Following an investigation conducted by Matt Hart, working from the state's Attorney General's office's white crime division, and special prosecutor Van Davis, who stepped in after the Alabama's Attorney General, Luther Strange, recused himself, on October 20, 2014, Hubbard was indicted by a special grand jury in Lee County on 23 counts relating to misusing his office for personal gain and soliciting gifts from lobbyists. Each of the 23 counts carried the possibility of two to 20 years in prison and $30,000 in fines.

The investigation led to charges against two other Republican legislators. Greg Wren, of Montgomery, pleaded guilty to a charge of knowingly using his office for personal gain and resigned his office. Barry Moore, of Enterprise, was charged with two counts of felony perjury, and two counts of giving false statements, but was found not guilty of all charges. Investigations into Hubbard also exposed Governor Bentley to a sex scandal.

Hubbard hired former Democratic state Attorney General Bill Baxley for his criminal defense. Two months after his felony indictment, Hubbard won reelection in a landslide and was reelected Speaker of the House on a 99-1 vote. When Republican lawmakers opposed Hubbard's tax increases and proposed that party leaders should step down when under felony indictment, Hubbard removed them from their committees. Hubbard refused to resign his position. Huntsville, Alabama representative Phil Williams was also removed from the House Technology Committee after he helped defeat a bill that would have given Hubbard line-item control over the budget of the state Attorney General’s prosecutors.
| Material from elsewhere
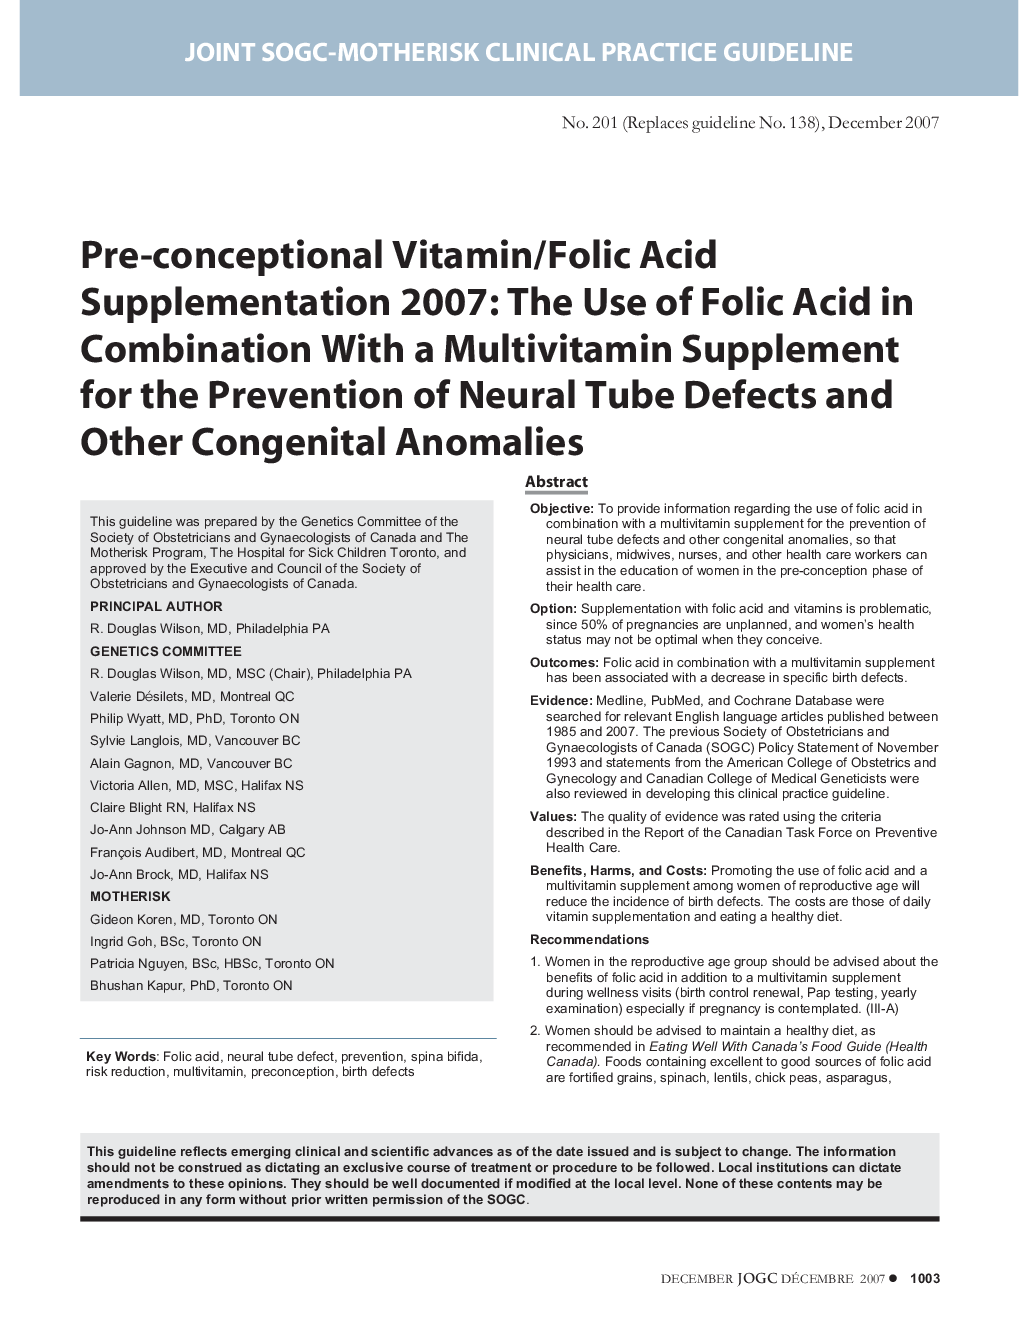 Pre-conceptional Vitamin/Folic Acid Supplementation 2007: The Use of Folic Acid in Combination With a Multivitamin Supplement for the Prevention of Neural Tube Defects and Other Congenital Anomalies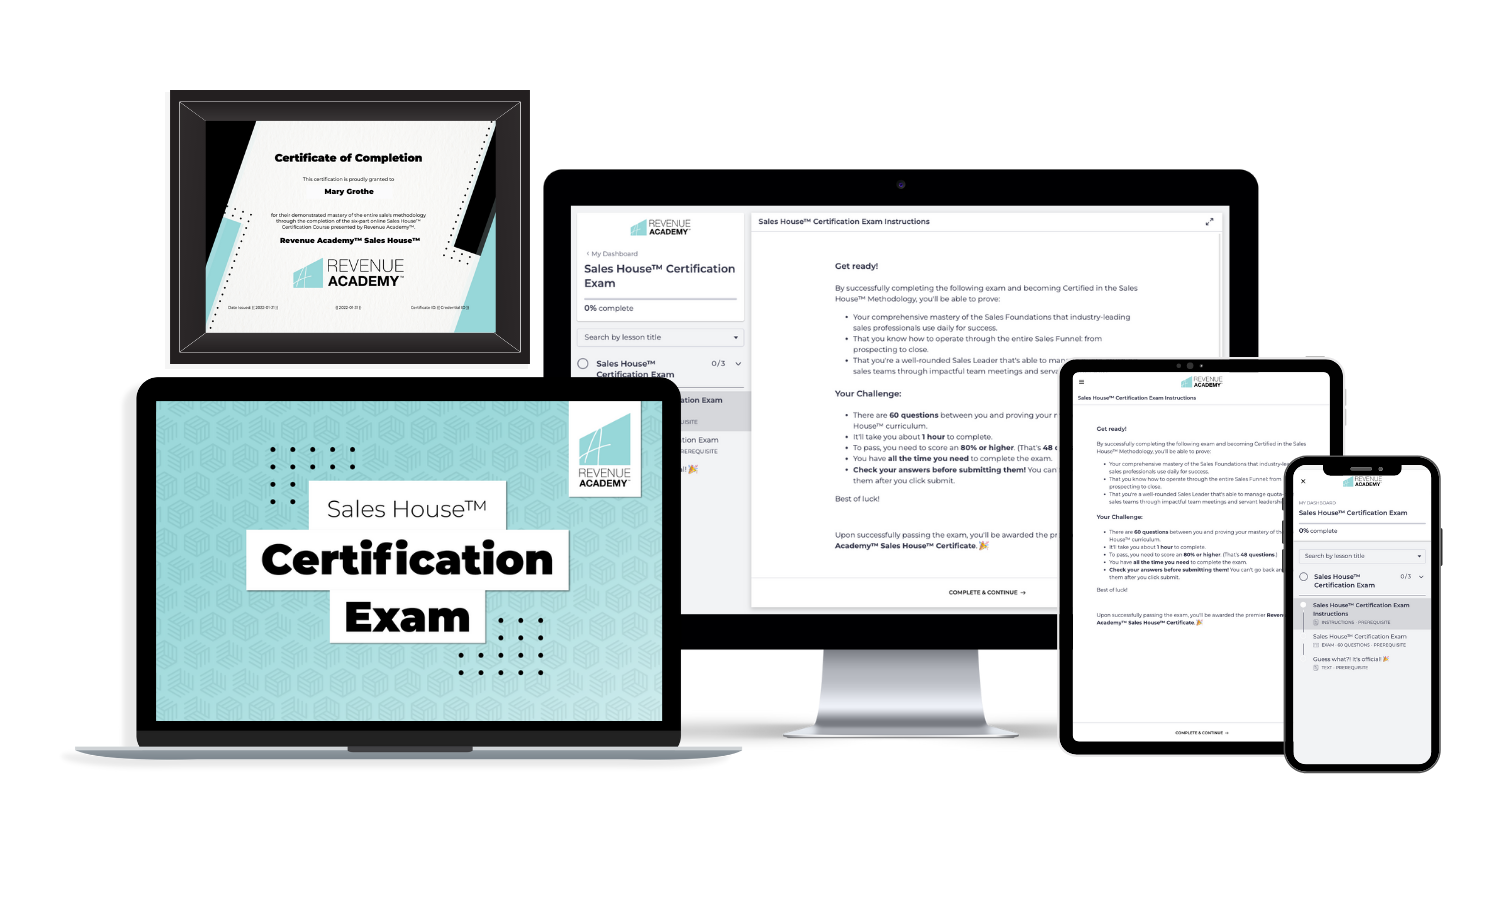 Sales House™ Certification Exam Graphic

At the time of Hubbard's trial, impeachment proceedings against Governor Bentley were beginning, the Alabama Court of the Judiciary suspended, for the second time, Supreme Court of Alabama Chief Justice Roy Moore, for ethics violations. Also in early 2016, Hubbard and Bentley were seeking to issue $800 million in debt to pay unnamed, no-bid contractors to build four new, privately run state prisons.

Hubbard's Chief of Staff, Great Southern Wood CEO Jimmy Rane, famously known as the "Yella Fella" and also the state's richest man, lobbyists Canary and Brooke, and even Governor Bentley were required to testify at trial. After seven hours of deliberations on June 10, 2016, the jury found Hubbard guilty on charges relating to the Medicaid monopoly, the plastic cup manufacturer, and for the investments from Will Brooke. Hubbard was convicted on 12 of 23 felony charges and was taken into custody, but was released on a $160,000 bond. On July 8, 2016, Hubbard was sentenced to "four years in prison, eight years on probation and ordered to pay a $210,000 fine on 12 felony ethics violations."

Less than a month later, on August 5, Hubbard filed a motion requesting either a new trial, acquittal, or dismissal of the charges. One claim asserted by the motion is that "the state presented faulty expert testimony about the ethics law." The state has also "asked the court to reconsider its decision denying its request to order Hubbard to pay $1.1 million in restitution."

Following his conviction, Hubbard filed a request to have the state open an investigation into possible misconduct by the jury that convicted him. On September 2, Lee County Circuit Judge Jacob Walker denied that request, and also denied the state's request to order Hubbard to pay $1.1 million in restitution. As of September 6, 2016, Hubbard remains free on bond.